The new building bore little resemblance to Libeskind’s masterplan illustration, much less to the Statue of Liberty that it had evoked. But it kept that height. Until it almost didn’t. In 2010, management of the property passed to the Durst Organization, which cut tens of millions of dollars from the estimated $3 billion budget. Perhaps the most significant element of Childs’s original design was cutaway chamfers at the four corners of the tower’s heavy base, which recalled similarly angled corners on the original Trade Center towers. As in Lutyens’ war memorial, the angles of those cutaways suggested an inverted and buried version of the tower’s obelisk-like taper above—that there was a point of deep convergence as far within the earth as the building reached into the heavens. Although these cutaways had already been incorporated into the building’s structural steel, the final facade straightened out those corners, making for a cheaper and more conventional profile.
Up top, the radome skin was eliminated, leaving its internal steel framework to play the role of spire on its own. This complicated framework of trusses and cables looked like, well, an antenna. A typical reaction was that of Rahm Emanuel, mayor of Chicago, where the Willis Tower was about to be surpassed as America’s tallest skyscraper by a 1,776-foot One World Trade: “At the Willis Tower, you have a panoramic view that is unmatched,” Emanuel told theNew York Times. “You can’t get a view like that from an antenna.” He added: “If it looks like an antenna, acts like an antenna, then it is an antenna.” And if it is an antenna, then One World Trade, like its predecessor, would be certified as only 1,348 feet high. Impressive, but barely top-ten in an ever-taller urbanized world.
In early November, the CTBUH convened its Height Committee to address the issue. Twenty-five architects, engineers, contractors, and consultants from thirteen different countries met for five hours in Chicago. They reviewed their general height criteria, and studied the blueprints of One World Trade. Childs gave a brief presentation in which he affirmed that the steel framework, even without its sculptural surface, was integral to his architectural design. The Height Committee determined that the steel framework, as yet, included no broadcast equipment and emitted no signal. They voted, unanimously, to affirm the 1,776-foot height, (which will put One World Trade third in the world, behind the 2,717-foot Burj Khalifa in Dubai and the 1,972-foot Makkah Royal Clock Tower Hotel in Mecca, Saudi Arabia). At the subsequent press conference, Johnson was asked what would happen if, as seems likely, the steel framework were eventually employed as a broadcast tower. “No comment,” he said.

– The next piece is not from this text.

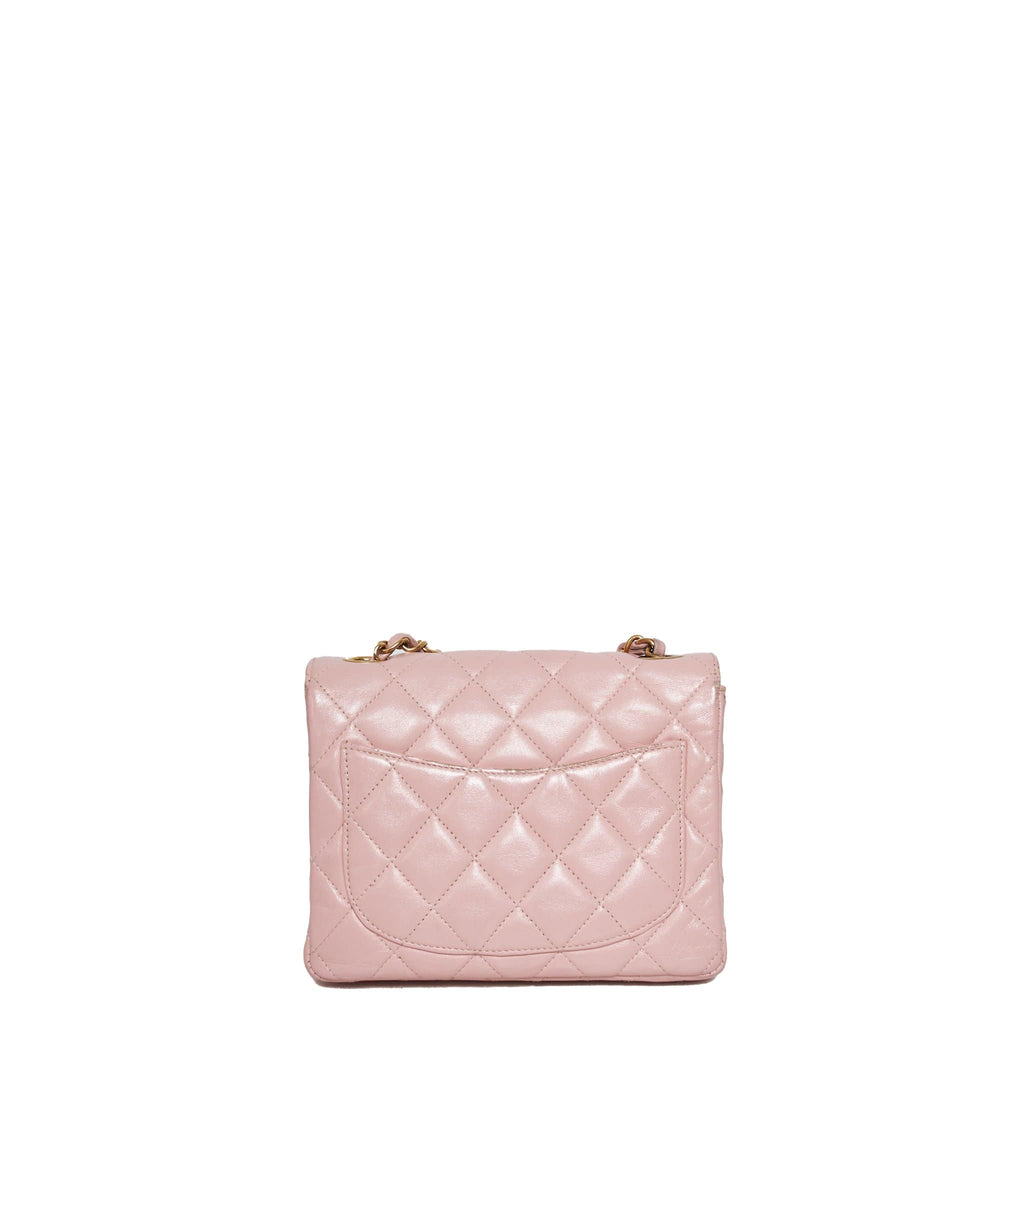 Authentic Second Hand Chanel Baby Pink Jersey Small Classic Flap Bag  PSS05100374  THE FIFTH COLLECTION

Later, Johnson explained that the longstanding issue with antennas is not so much whether they’re utilitarian equipment or whether they’re actively broadcasting signals, but that as technological devices, they’re subject to rapid and unpredictable change—demolitions and modifications and replacements that regularly transform the total dimensions of any structure. (The Height Committee considers the masts atop the Willis Tower, which have been repeatedly modified by technical upgrades since the 1970s, to be antennas.) “We don’t want to change the height of buildings as they change their equipment,” he said, “if we accepted antennas we’d have to go around the world and change every evaluation every year. The word that we keep coming back to in our deliberations is permanence. We are looking for something that is not going to change.”